Alexandrine Hotel Co. v. Whaling

20 N.W.2d 793, 313 Mich. 15, 1945 Mich. LEXIS 261
CourtMichigan Supreme Court
DecidedDecember 3, 1945
DocketDocket No. 4, Calendar No. 42,641.
StatusPublished
Cited by2 cases

This text of 20 N.W.2d 793 (Alexandrine Hotel Co. v. Whaling) is published on Counsel Stack Legal Research, covering Michigan Supreme Court primary law. Counsel Stack provides free access to over 12 million legal documents including statutes, case law, regulations, and constitutions.

Bluebook
Alexandrine Hotel Co. v. Whaling, 20 N.W.2d 793, 313 Mich. 15, 1945 Mich. LEXIS 261 (Mich. 1945).

Opinion

Reid, J.

Plaintiffs’ bill of complaint prays for an accounting between plaintiffs and defendants Whaling and Goodspeed, hereinafter referred to as the defendants; further, that defendant Uridge be decreed to have no right or title to the real estate of plaintiff Alexandrine Hotel Company under a sheriff’s deed, and for other relief.

Plaintiffs further seek the appointment of a receiver for plaintiff hotel company, and a determination of the rights of defendants in regard to certain bonds and stock of the plaintiff hotel company.

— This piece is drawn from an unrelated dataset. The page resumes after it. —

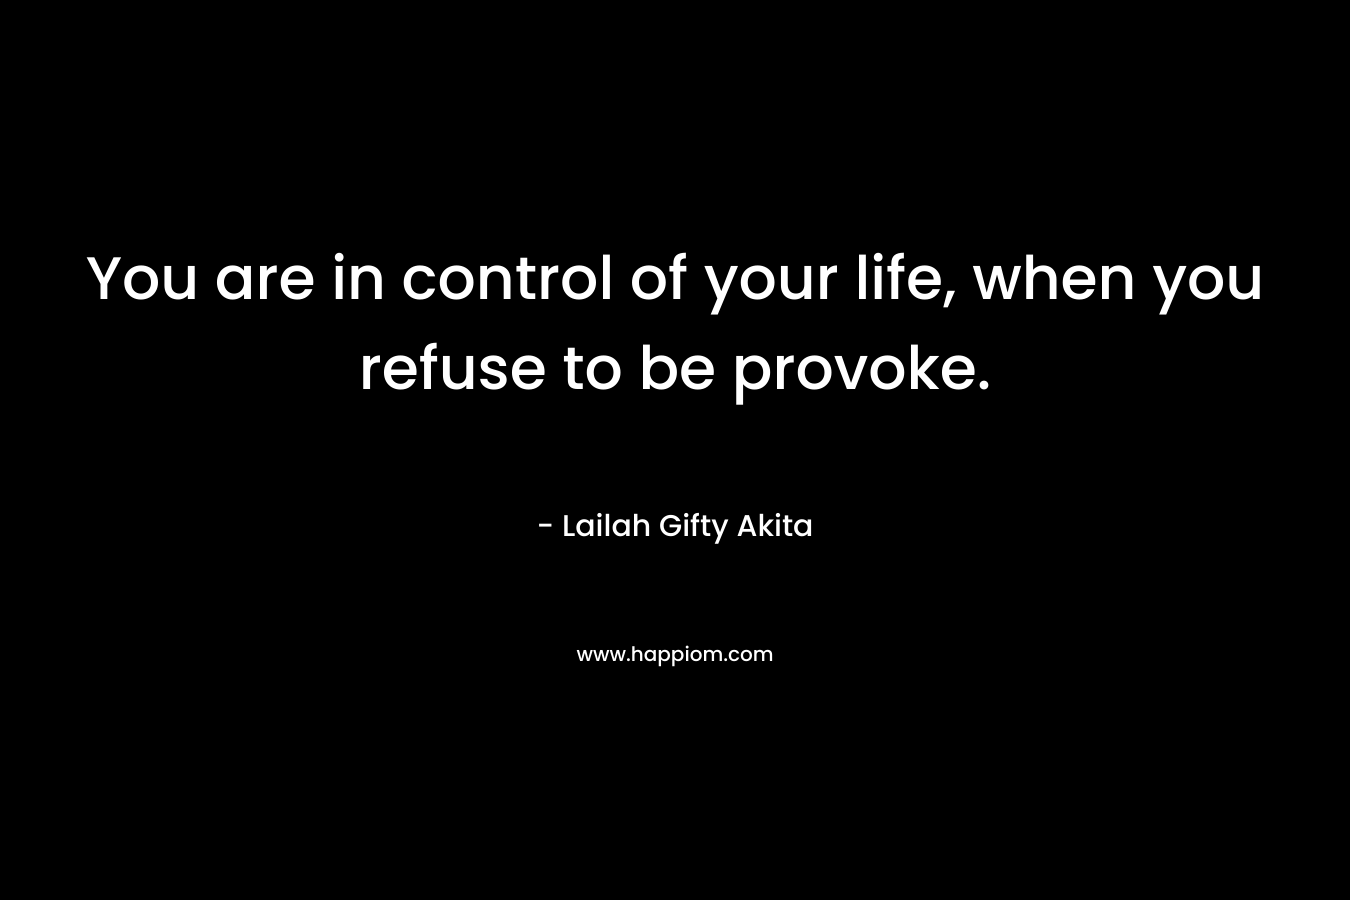 You are in control of your life, when you refuse to be provoke.

Prominent place in the briefs filed is given to the rights of defendants, while managing the business of plaintiff company, to buy its bonds and hold them at face value, especially in view of the distressed situation of the company. Also prominent in the briefs is the discussion of commissions'retained by defendants for compensation for management of the hotel.

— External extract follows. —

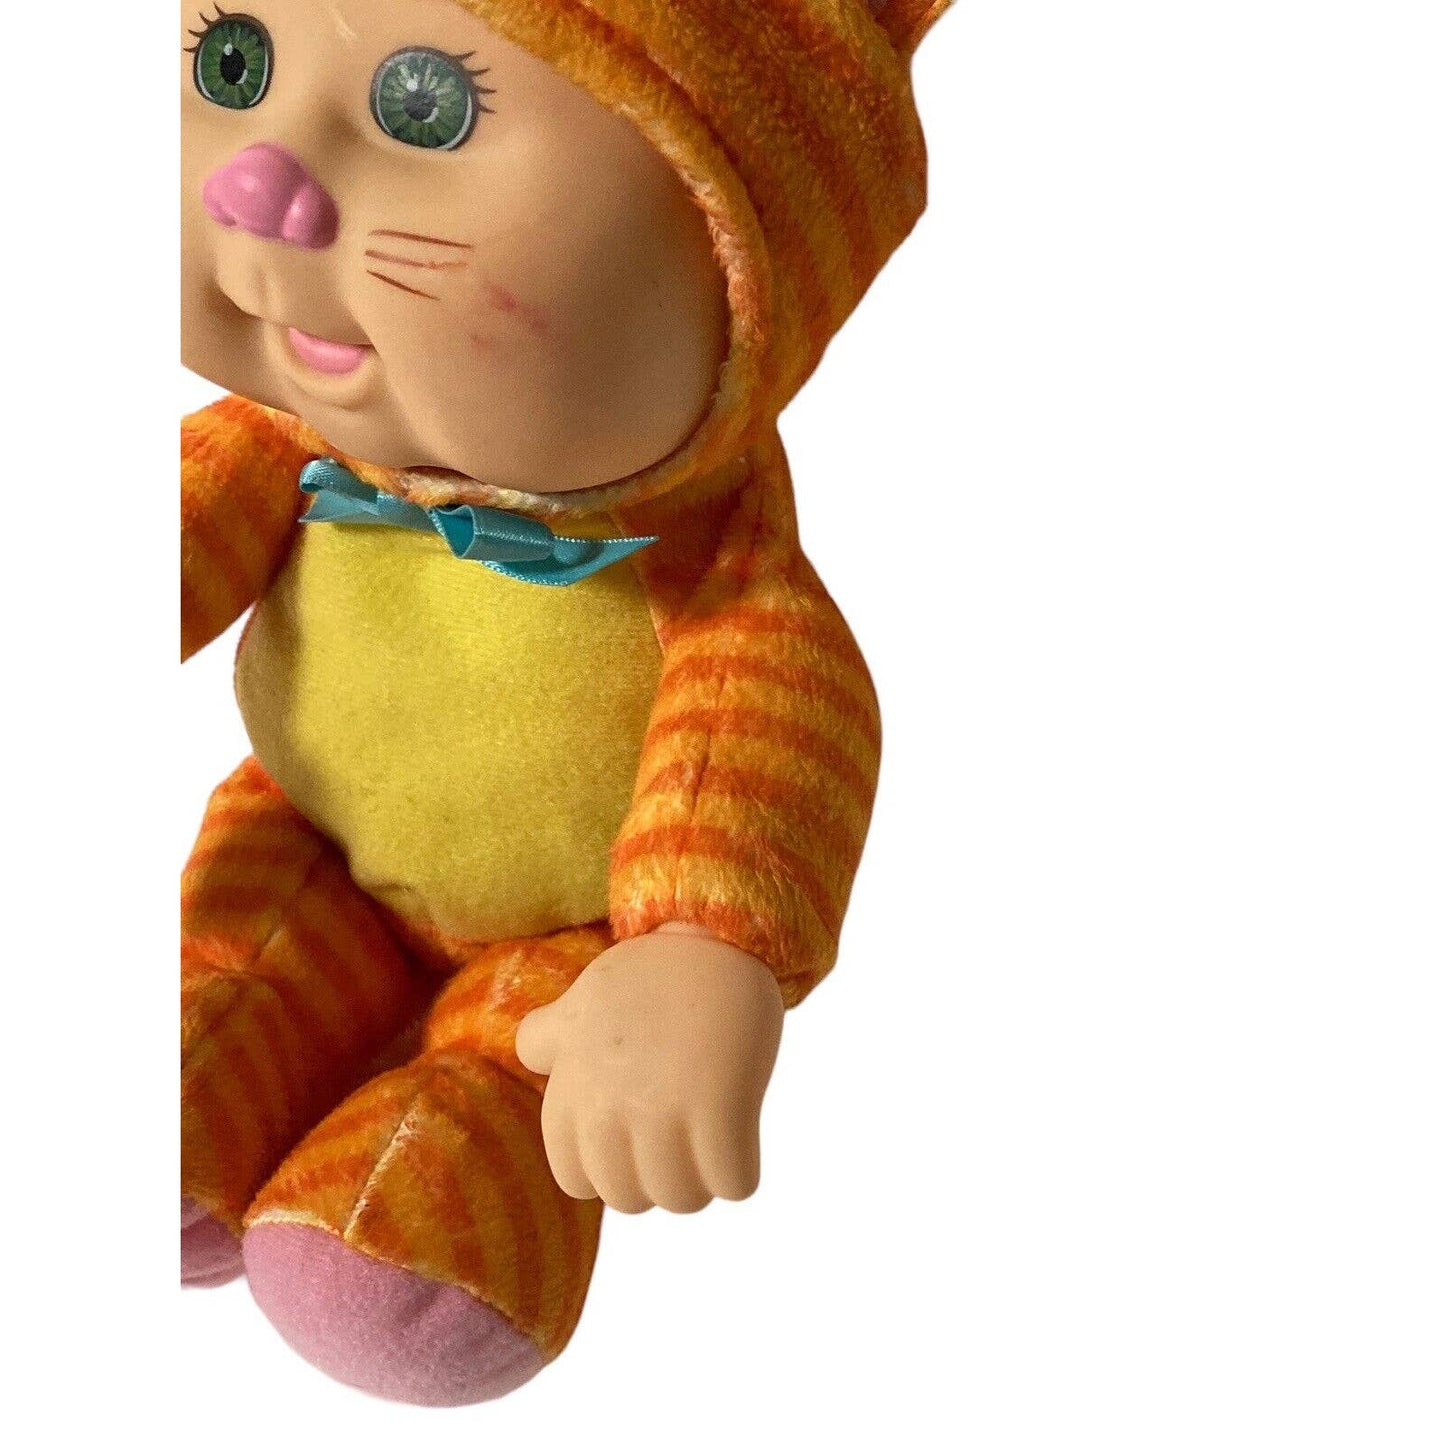 Cabbage Patch Kids Cutie Collection Kallie Kitty 9” Farm Friends Doll Plush Toy

Defendants claim that their purchase of stock was not forbidden to them as managers of the company’s business; that they commenced purchasing bonds at a time when it appeared that bondholders might take some action prejudicial to the company’s interest; and that defendants’ ownership of a considerable amount of bonds resulted in the subsequent “reorganization” being more advantageous to the company than it would otherwise have been. Defendants further claim that the corporations underwriting the bond issue agreed that the plaintiff corporation might retain 3 per cent, of the total gross income as compensation for management, and *18 defendants claim that it was proper for them, as actual managers, to retain the 3 per cent., and that $1,800 is due them on that account.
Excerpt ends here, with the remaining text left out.